Haber Merkezi / Periferik sinirler duyunun değişmesine, distal kollarda ve bacaklarda zayıflığa ve genel tükenmeye (kaşeksi) neden olur. MNGIE ile ilişkili spesifik semptomlar vakadan vakaya değişir ve kusma, bulantı, ishal, karın ağrısı ve ellerde ve ayaklarda uyuşma veya karıncalanma hissini içerebilir.

Bazı durumlarda ek bulgular ortaya çıkabilir. MNGIE, timidin fosforilazı (TP) kodlayan TYMP genindeki değişikliklerden (mutasyonlardan) kaynaklanır ve otozomal resesif bir özellik olarak kalıtsaldır.
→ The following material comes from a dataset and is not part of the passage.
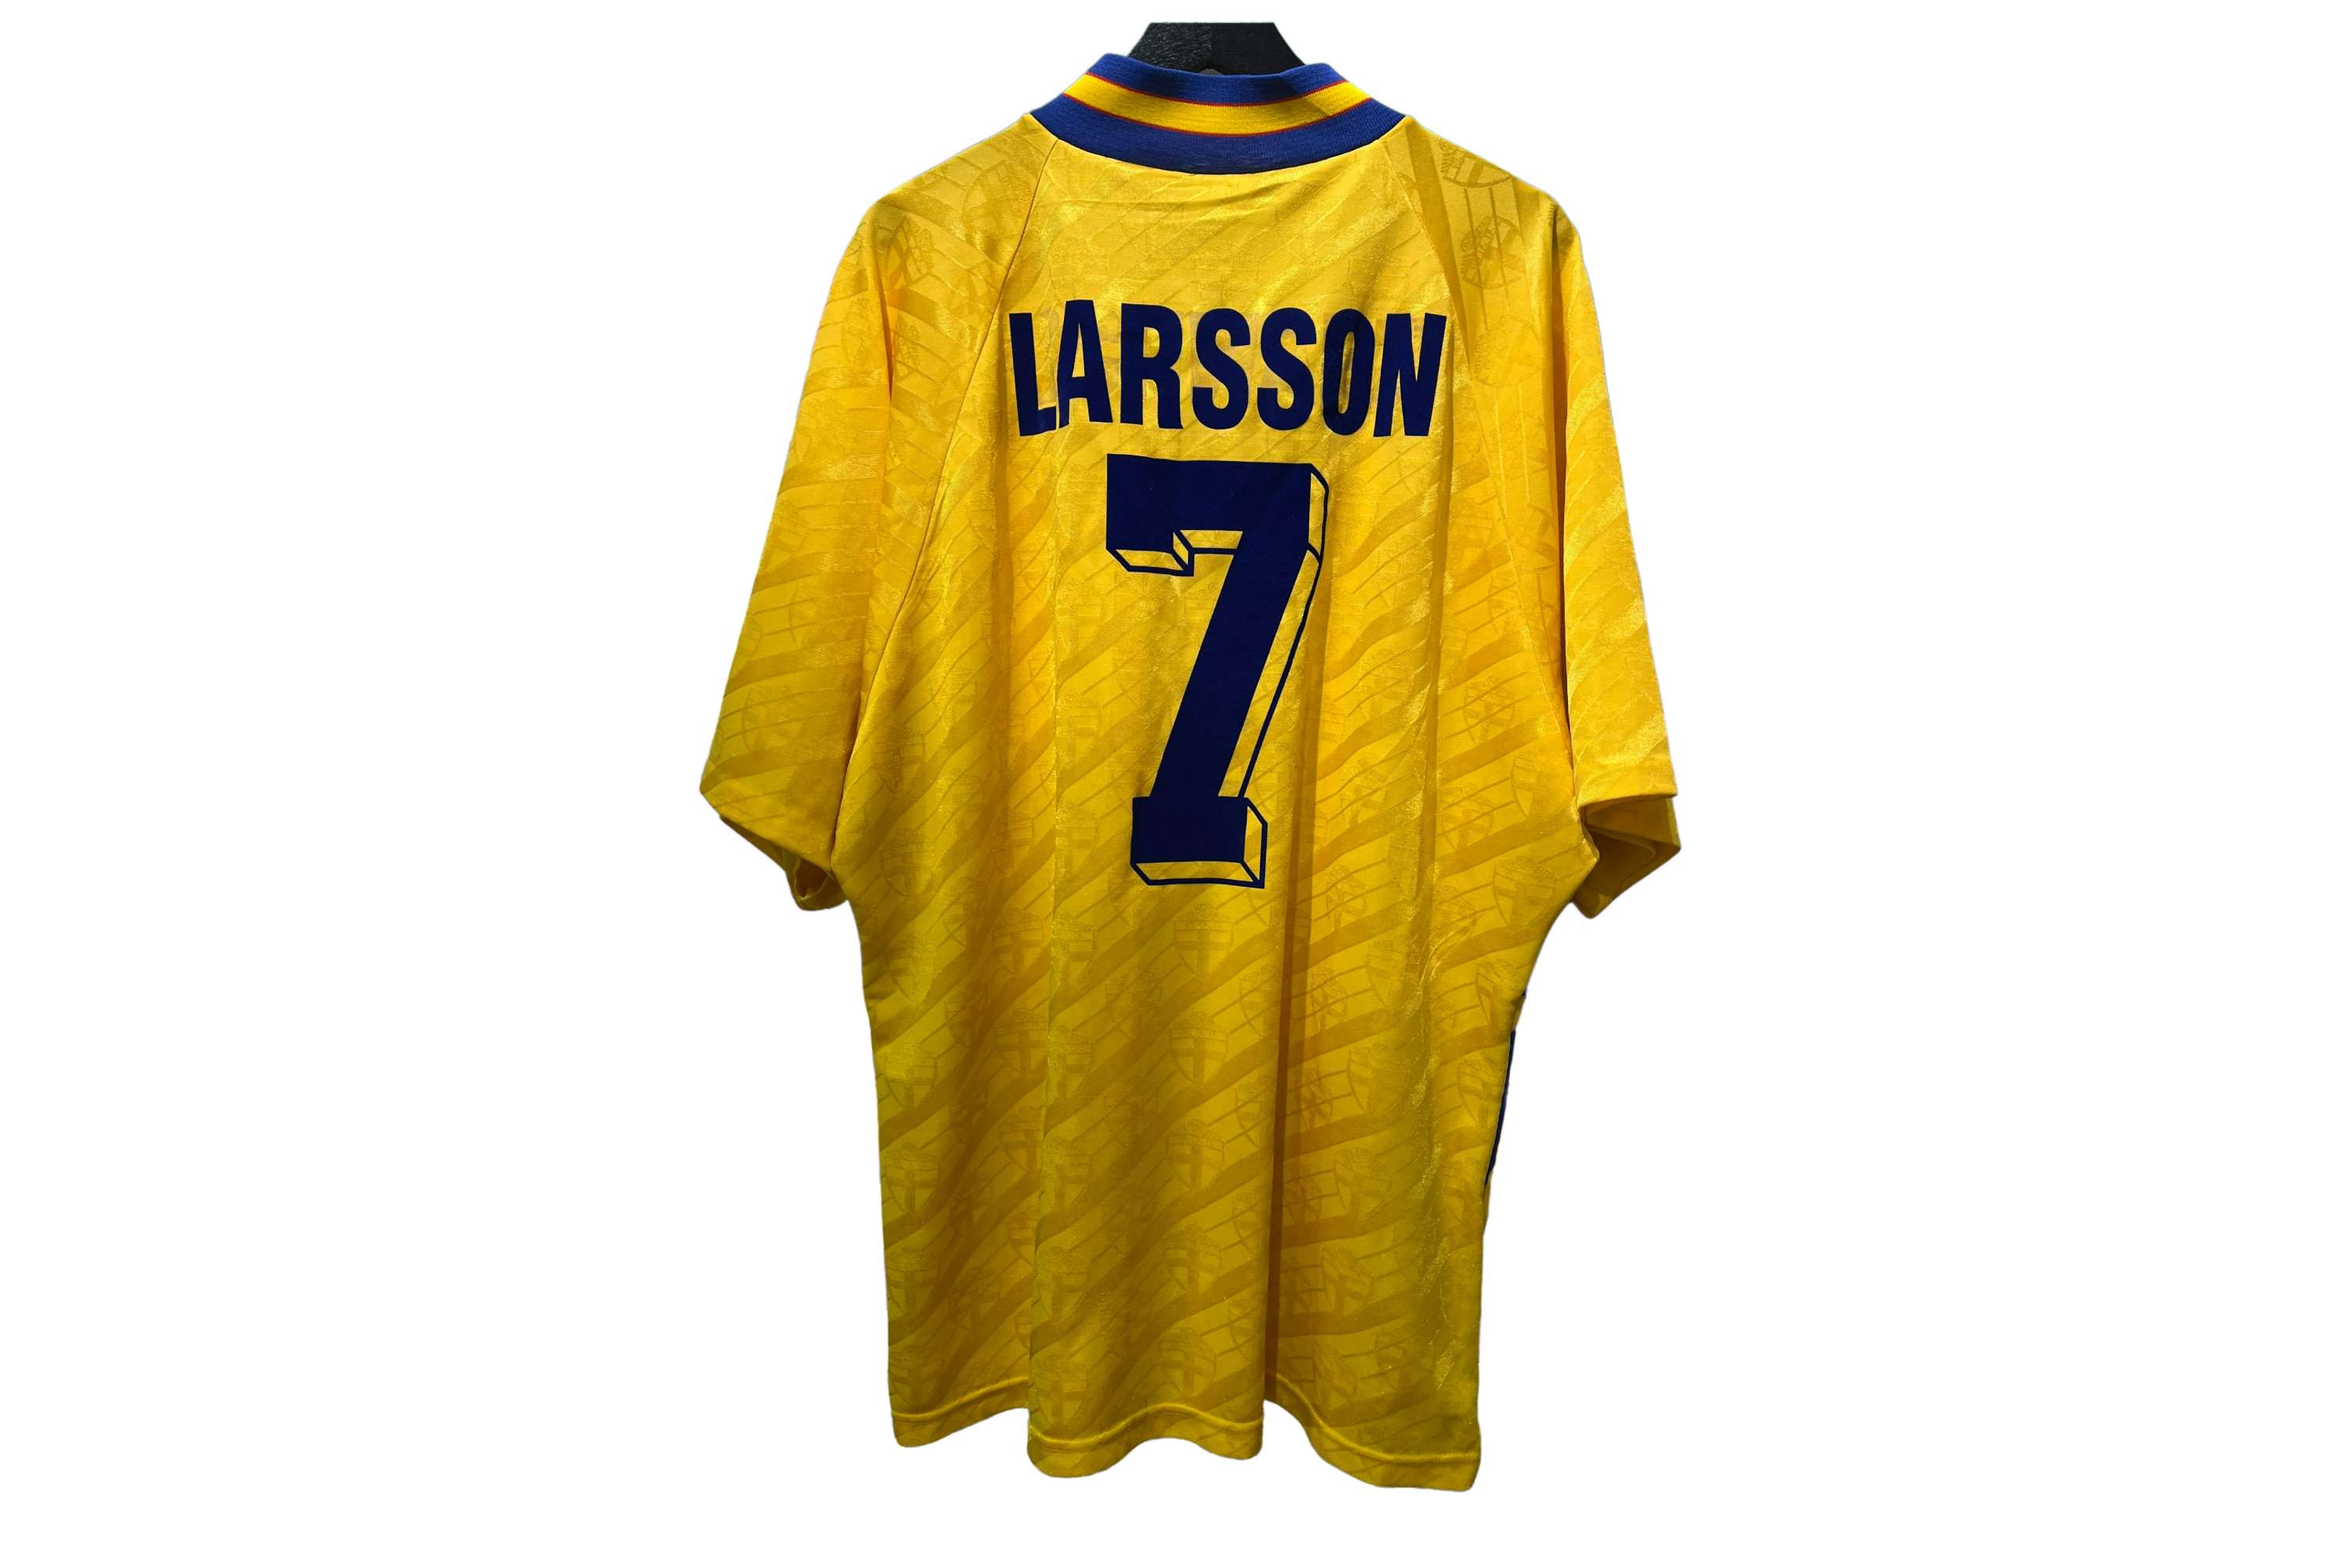 Adidas - Sweden 1994 Home Football Shirt 'LARSSON'

MNGIE hastaları ayrıca mitokondrinin genetik materyalinde (DNA) değişiklikler (örneğin tükenmeler, silinmeler veya nokta mutasyonları) gösterir. Vücudun neredeyse her hücresinde yüzlercesi bulunan mitokondri, hücresel enerjinin çoğunu, şeker ve yağlardan türetilen elektronları hücrenin enerji para birimi olan ATP’ye dönüştüren solunum zinciri enzimleri (kompleks IV) aracılığıyla üretir. 

Solunum zincirinin temel bileşenlerinin genetik planları mitokondriyal DNA’dır (mtDNA). Genellikle solunum zincirindeki kusurlar olan mitokondriyal fonksiyon bozukluğundan kaynaklanan bozukluklara mitokondriyal hastalık denir. Enerji birçok doku fonksiyonu için gerekli olduğundan, mitokondriyal hastalıklar genellikle vücudun birçok organını etkiler.

MNGIE’nin semptomları ve şiddeti vakadan vakaya değişir. Semptomların başlangıcı genellikle 20 yaşından önce olmakla birlikte 5-60 yaşları arasında da değişebilir. MNGIE çeşitli gastrointestinal ve nörolojik bulgularla karakterizedir.

MNGIE’nin en belirgin semptomu, gastrointestinal sistem kaslarının ilerleyici fonksiyon bozukluğudur (gastrointestinal dismotilite). Boğazın arkasından (orofarinks) kalın bağırsağa kadar gastrointestinal sistemin herhangi bir kısmı etkilenebilir. 

MNGIE ile ilişkili gastrointestinal dismotilitenin en yaygın şekli, ince bağırsak hipomotilitesidir; burada bağırsak duvarlarındaki kaslar normal şekilde kasılamaz ve gıdayı sindirim sistemi boyunca itmek için gereken dalga benzeri (peristaltik) hareketleri oluşturmaz. Fiziksel bir tıkanıklık olmamasına rağmen gıdanın bağırsaklara itilememesi, bağırsak psödoobstrüksiyonu olarak bilinir. Mide duvarındaki kaslar etkilendiğinde bu duruma gastroparezi denir.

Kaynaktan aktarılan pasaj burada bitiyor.